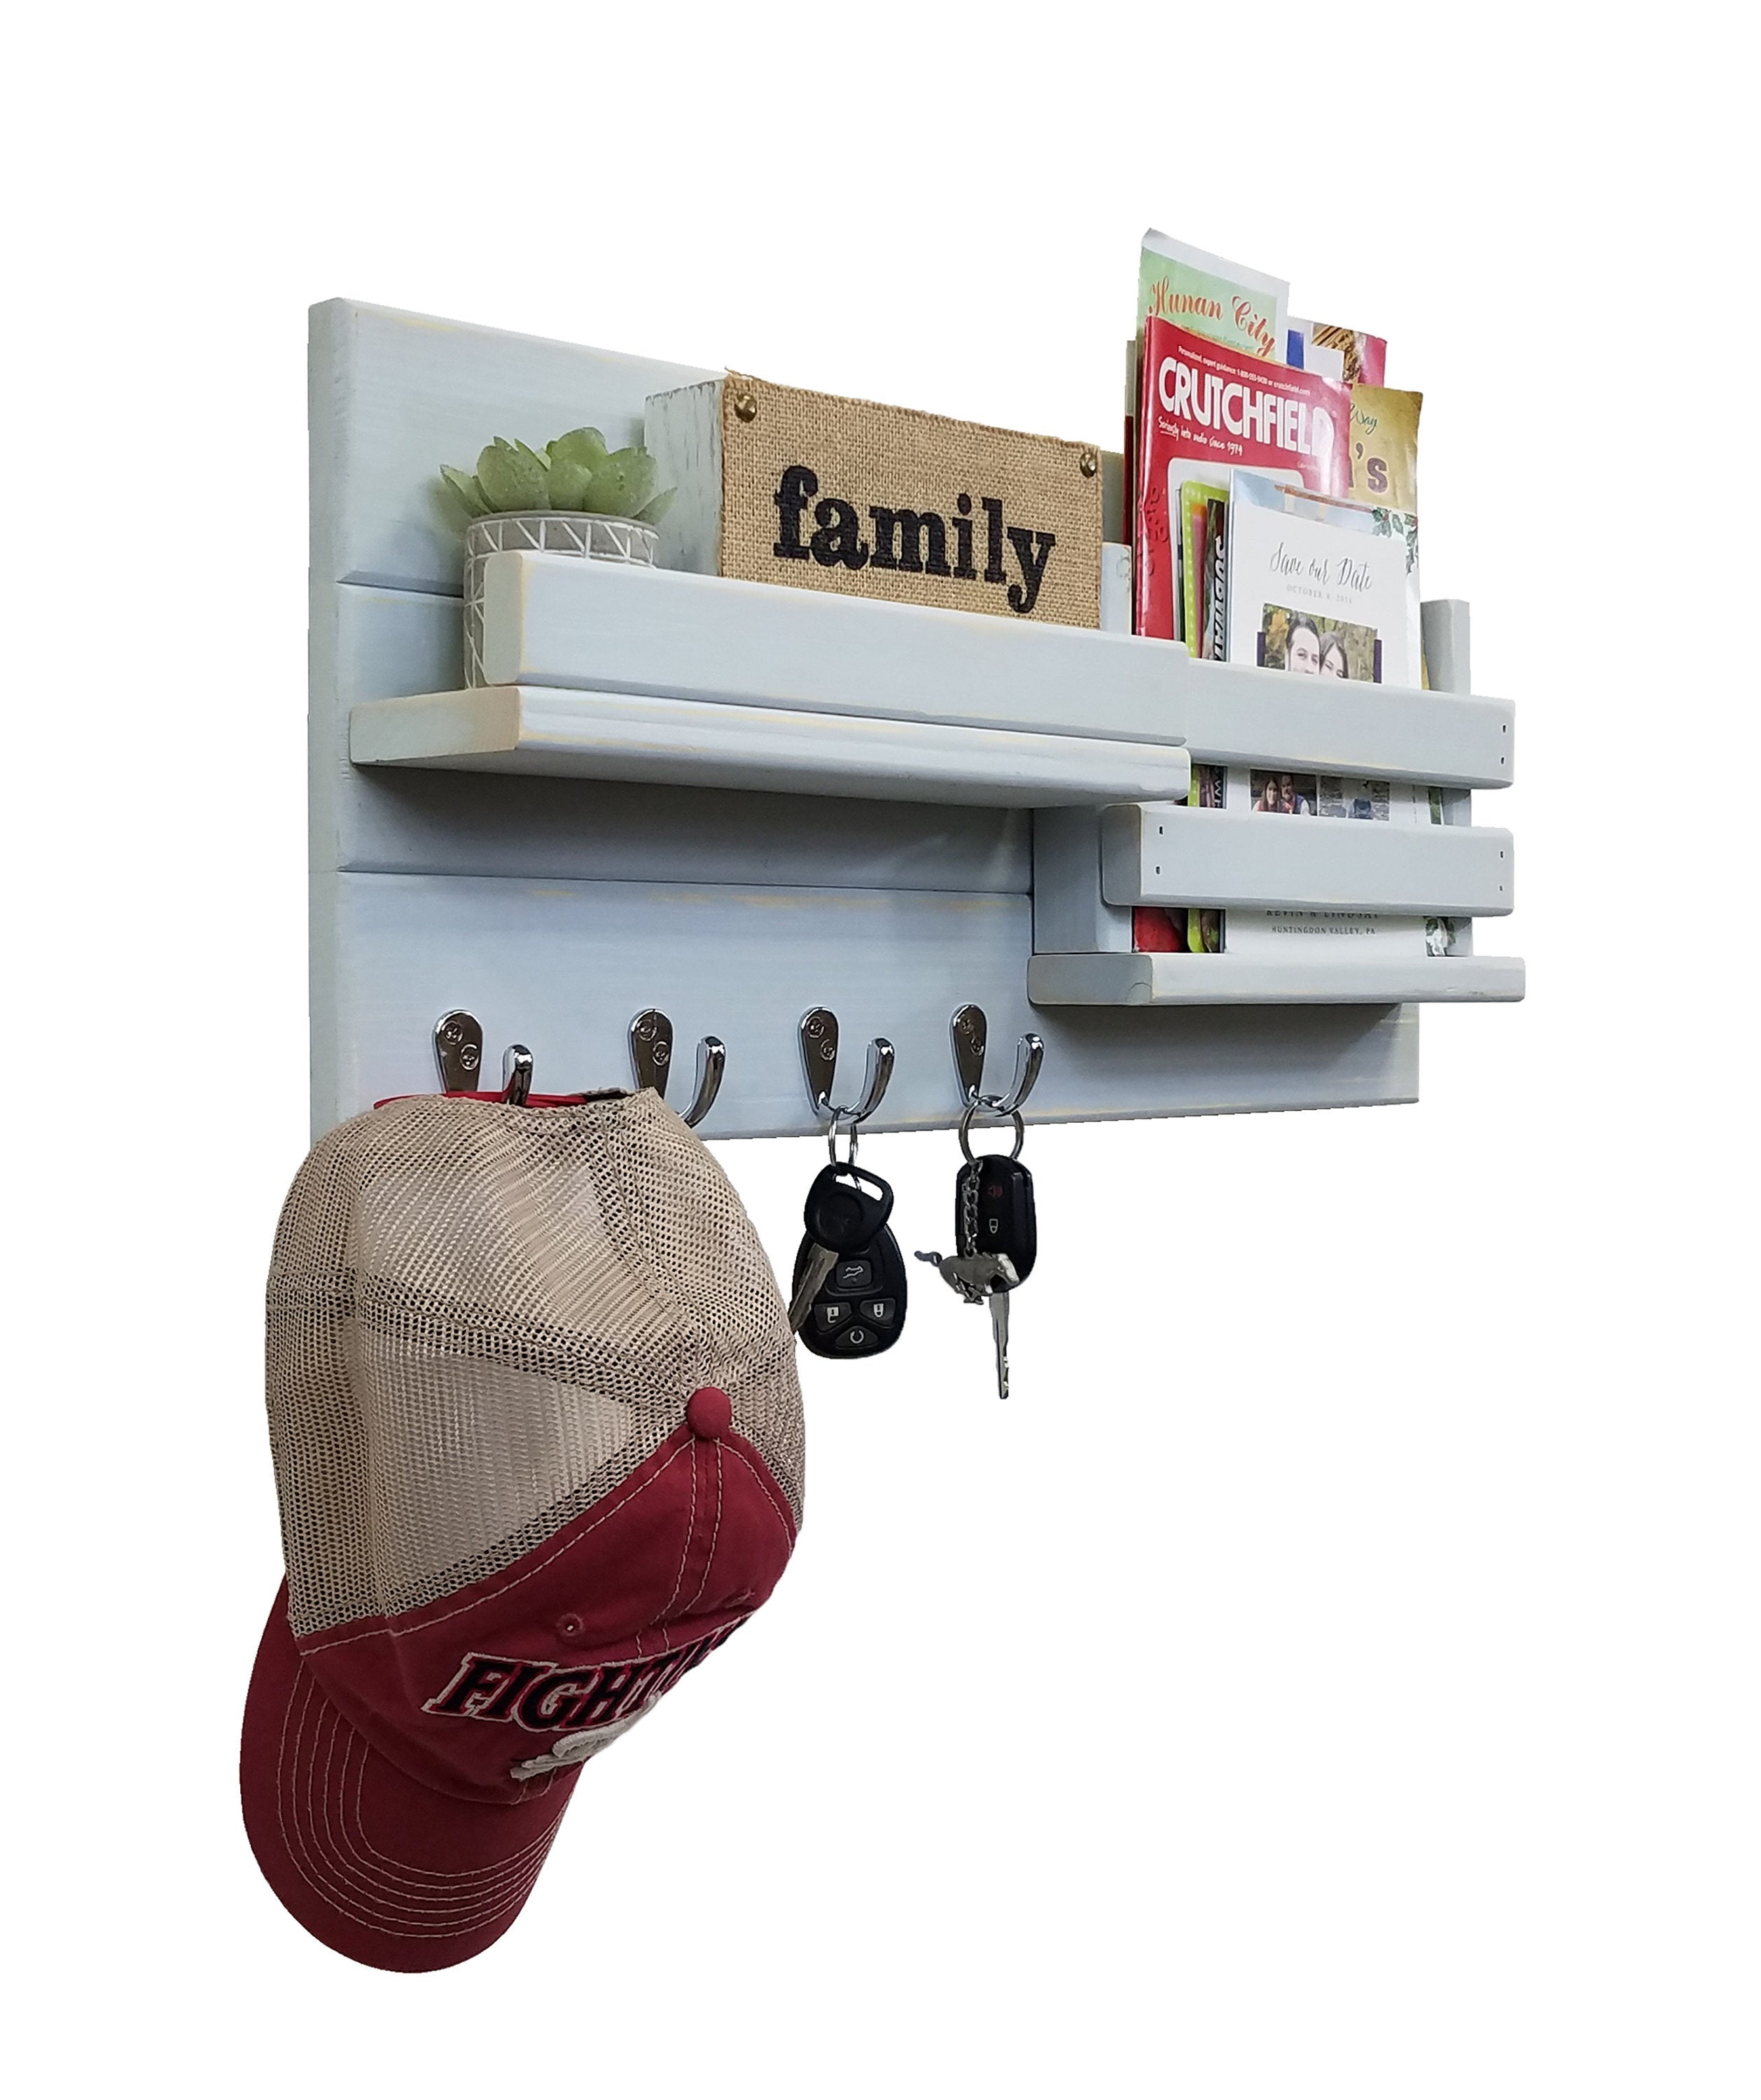 Classic Farmhouse Rustic Wall Organizer - 20 Paint Colors, Shown in Light French Gray, Chrome Hooks
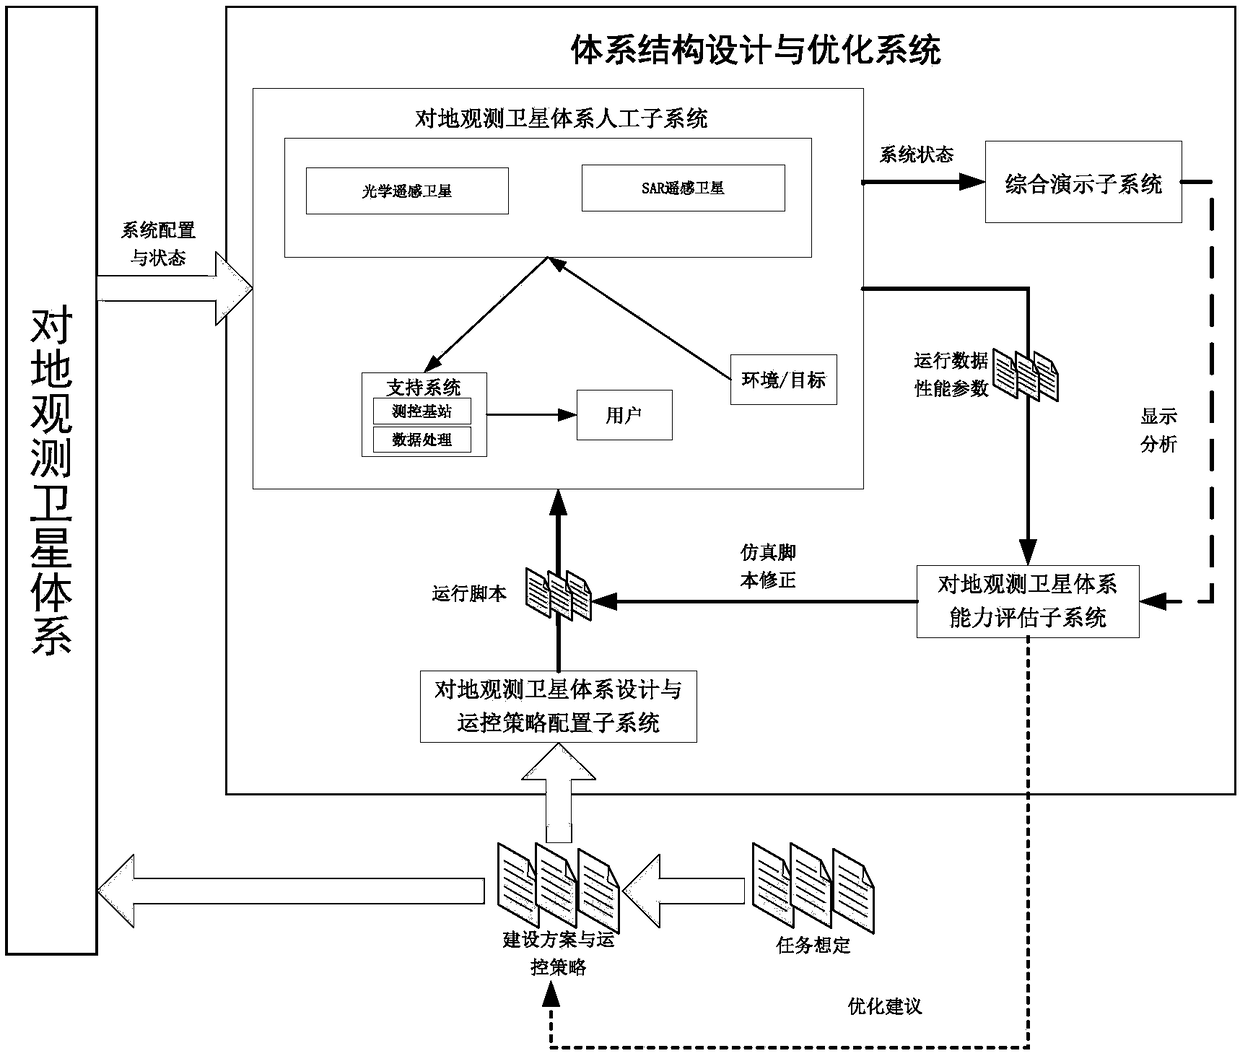 Architecture design and optimization system of earth observation satellite
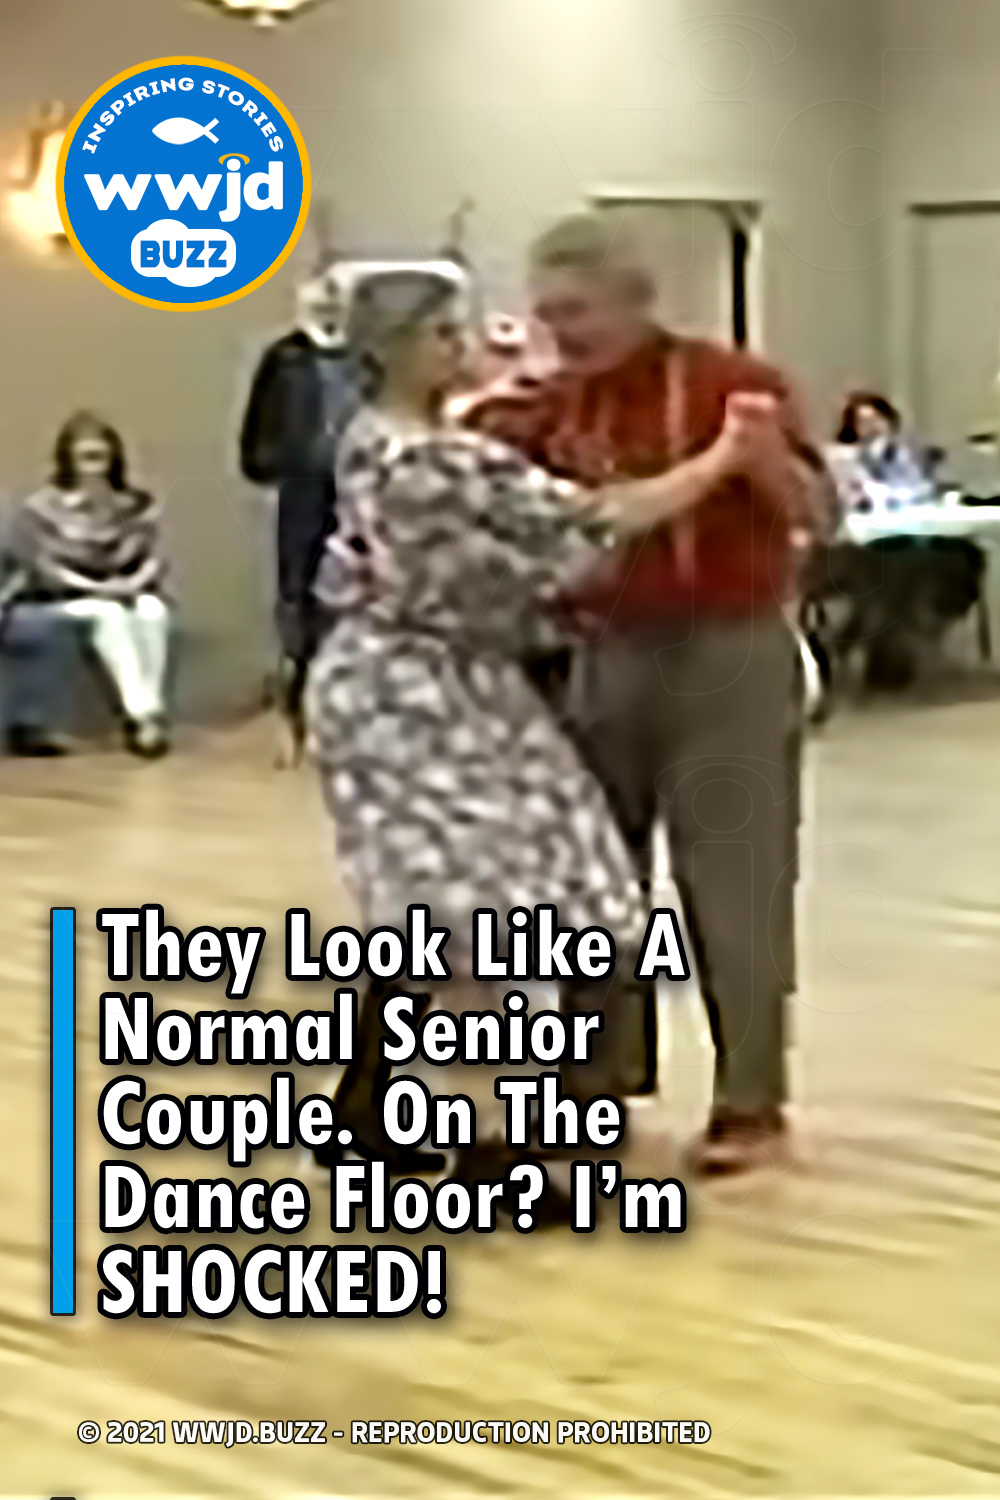 They Look Like A Normal Senior Couple. On The Dance Floor? I’m SHOCKED!

• • • • •

**Task item**
Each line of the material needs to be given again exactly, without any of its pictures.

**Response**
 Classic Farmhouse Rustic Wall Organizer - 20 Paint Colors, Shown in Light French Gray, Chrome Hooks
 Architecture design and optimization system of earth observation satellite
 They Look Like A Normal Senior Couple. On The Dance Floor? I’m SHOCKED!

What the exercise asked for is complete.